Non cerca la gloria di Dio, ma la gloria e il benessere umano.
Così anche vari nuovi movimenti religiosi, che, dice papa Francesco, colmano un vuoto lasciato dal razionalismo secolarista, e si presentano o come tendenti al fondamentalismo o come proponenti una spiritualità senza Dio.
Religiosità e movimenti figli del nostro tempo dove il primo posto è dato dalla esteriorità e dall’immediato, dal visibile, veloce, superficiale, provvisorio.

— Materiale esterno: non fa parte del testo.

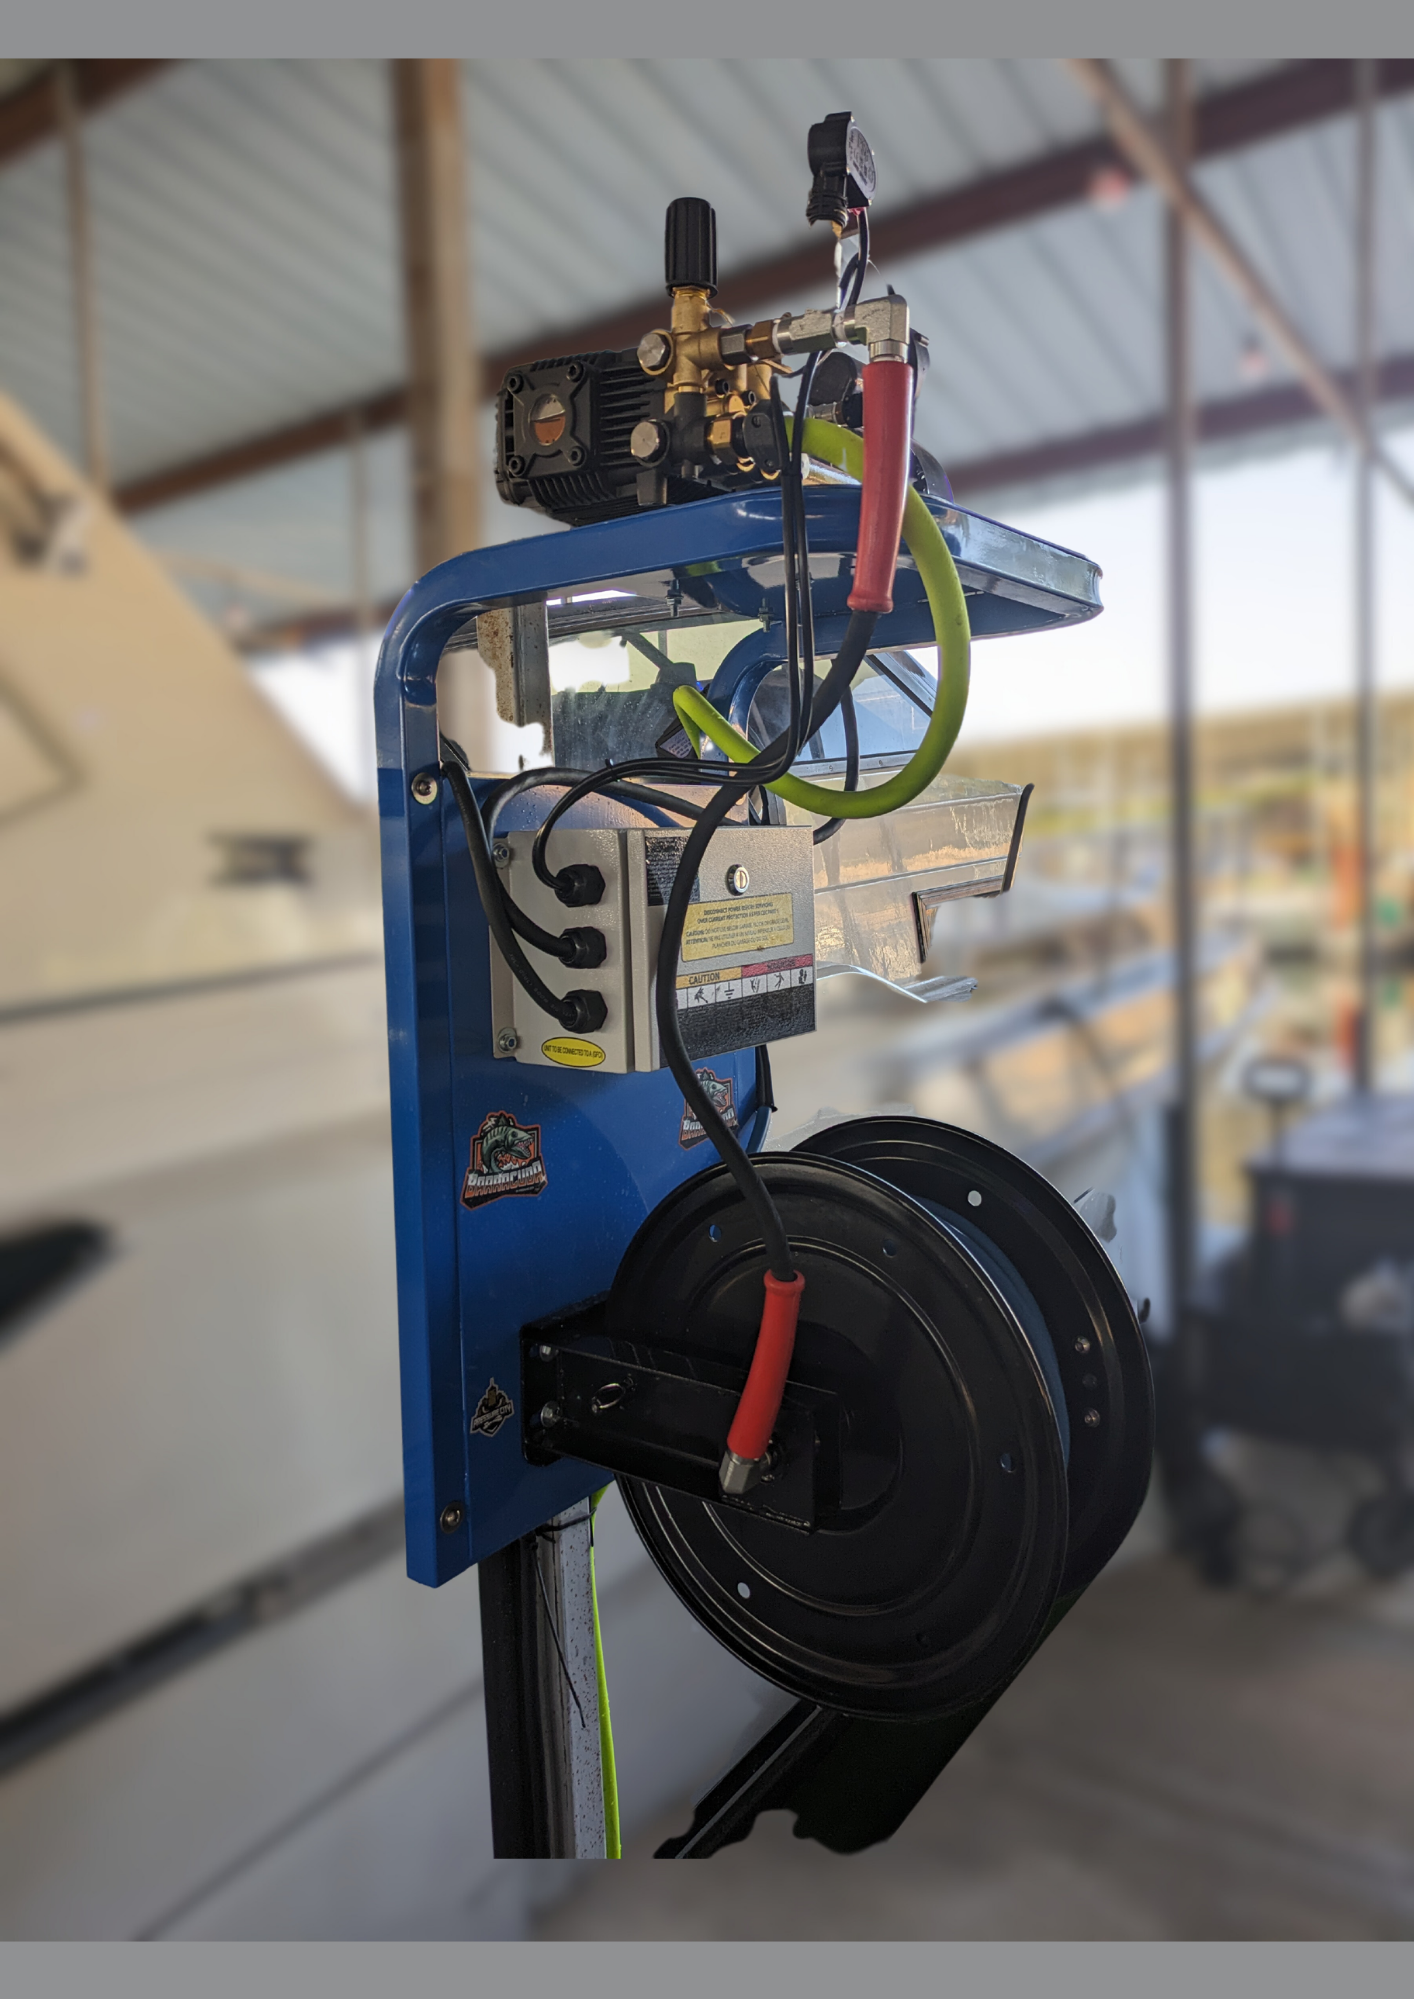 Dock or Garage Mounted Pressure Washer - Ideal for Boat and

La mondanità spirituale è una tentazione presente nella storia della Chiesa e che ha dato vita a varie categorie di “cristiani senza Cristo”. Quella dei cristiani che «invece di amare la roccia, amano le parole belle, le cose belle» e si rivolgono verso un “dio spray”, un “dio personale”», con atteggiamenti di superficialità e di leggerezza, un Dio che non ponga problemi, un Dio della pace e della quiete dell’anima, non della lotta e della ricerca. Tentazione presente ancora oggi: «cristiani superficiali che credono sì in Dio, ma non in Gesù Cristo. Il Papa li ha definiti «gli gnostici moderni», quelli che cedono alla tentazione di un cristianesimo fluido, non fondato sulla roccia che è Cristo. Non sono cristiani, si mascherano da cristiani, sono schiavi della superficialità, oppure schiavi della rigidità, e soprattutto non sono liberi, perché nella loro vita lo Spirito Santo non trova posto. Ostentano una cura eccessiva della liturgia, della dottrina e del prestigio della chiesa, trasformano la vita della chiesa in vanagloria dietro il fascino delle conquiste sociali e politiche, una attrazione di autostima e di realizzazione autoreferenziale.
Una mondanità spirituale che porta alla guerra tra cristiani, perché più che appartenere alla chiesa intera, essi appartengono a questo o a quel gruppo che si sente differente e speciale.
E’ una sfida cui non si può rispondere con un cristianesimo fatto di devozioni o ipotetiche rivelazioni private, ma con un solido ritorno al Vangelo.